[Assignment]
Below are the entries. Transcribe exactly the lines from the one with "The length untwisted is: 44 cm." through the one with "if you have", ends included, and leave out all others.

[Extracted material]
□ □ □
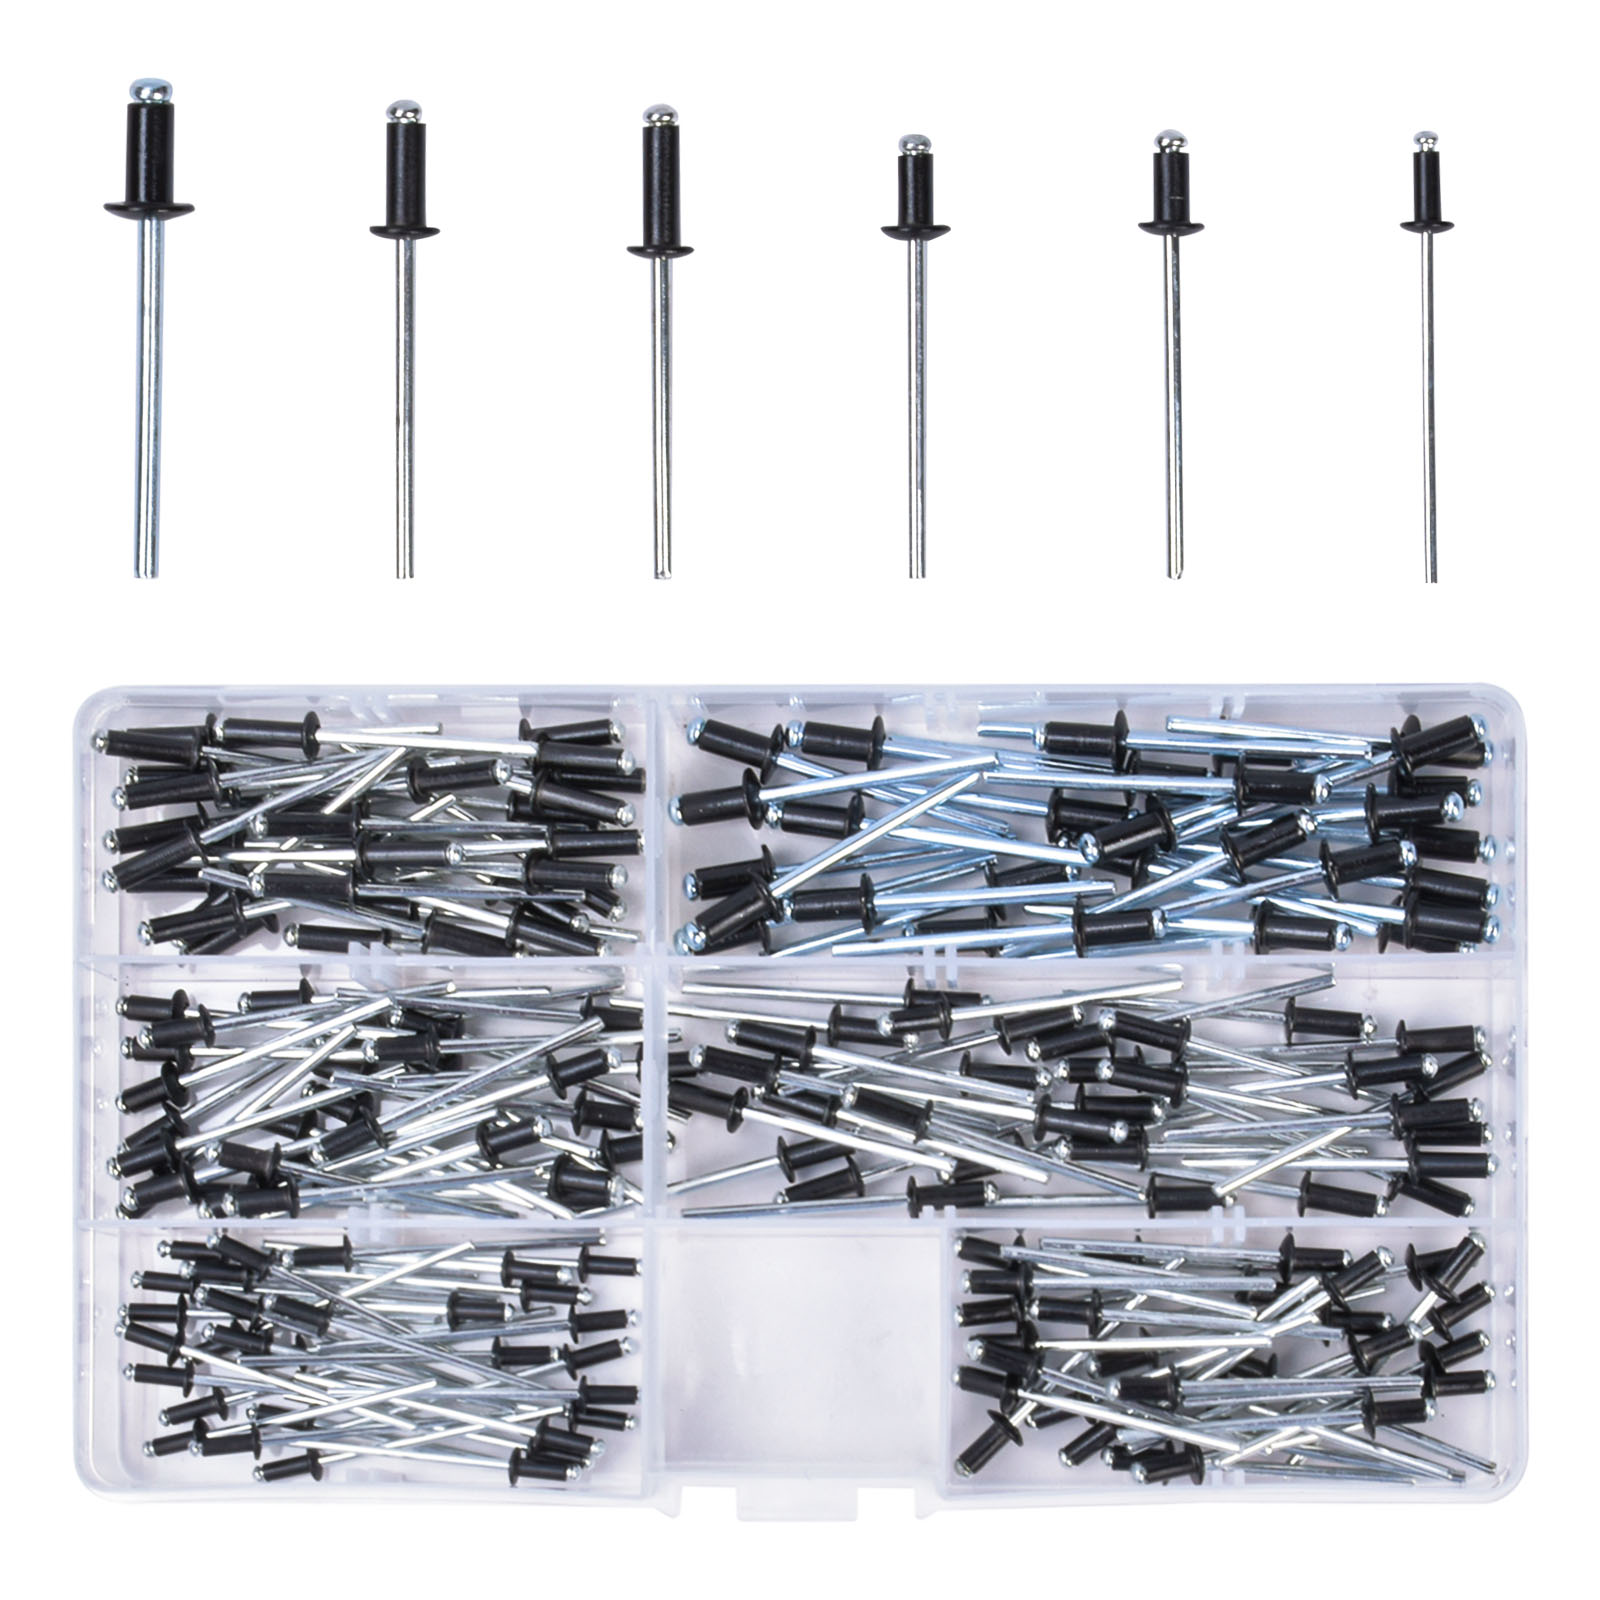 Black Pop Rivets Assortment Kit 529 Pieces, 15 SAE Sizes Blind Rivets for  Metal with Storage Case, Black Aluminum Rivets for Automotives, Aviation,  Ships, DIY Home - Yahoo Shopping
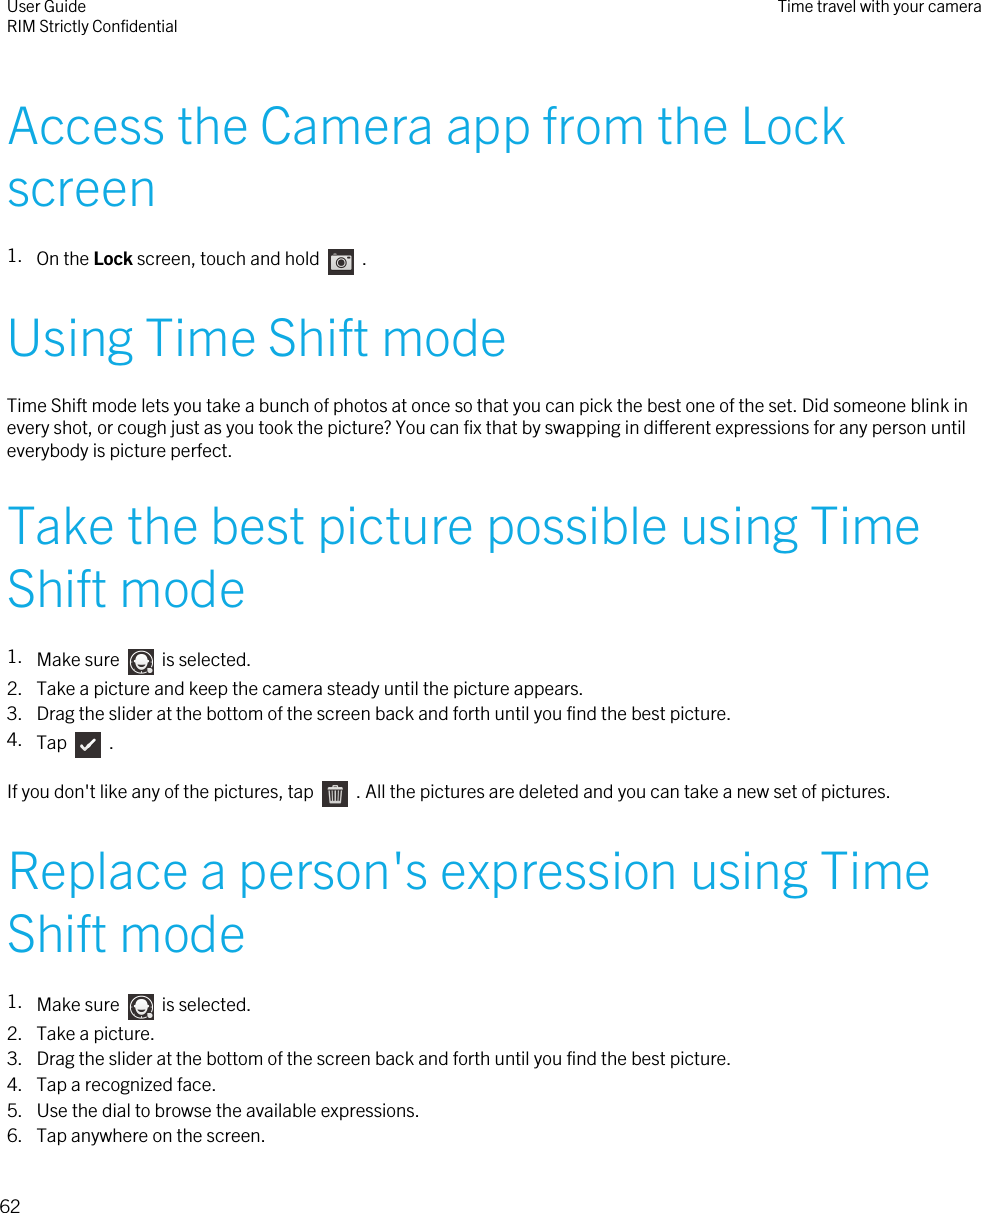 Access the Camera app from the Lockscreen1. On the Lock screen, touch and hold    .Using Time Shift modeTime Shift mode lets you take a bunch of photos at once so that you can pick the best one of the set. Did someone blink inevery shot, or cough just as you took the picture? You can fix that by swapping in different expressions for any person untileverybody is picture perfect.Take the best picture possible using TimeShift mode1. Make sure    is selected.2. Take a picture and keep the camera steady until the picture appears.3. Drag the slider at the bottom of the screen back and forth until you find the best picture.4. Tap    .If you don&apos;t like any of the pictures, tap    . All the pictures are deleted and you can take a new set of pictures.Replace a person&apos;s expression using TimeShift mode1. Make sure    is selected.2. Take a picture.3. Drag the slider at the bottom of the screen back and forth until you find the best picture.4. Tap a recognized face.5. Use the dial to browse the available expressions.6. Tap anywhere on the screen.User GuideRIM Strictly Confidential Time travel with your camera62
□ □ □
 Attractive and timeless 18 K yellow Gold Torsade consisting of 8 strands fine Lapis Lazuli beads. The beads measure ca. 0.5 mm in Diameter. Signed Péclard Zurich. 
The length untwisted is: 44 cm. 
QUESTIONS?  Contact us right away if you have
□ □ □
[Task result]
The length untwisted is: 44 cm. 
QUESTIONS?  Contact us right away if you have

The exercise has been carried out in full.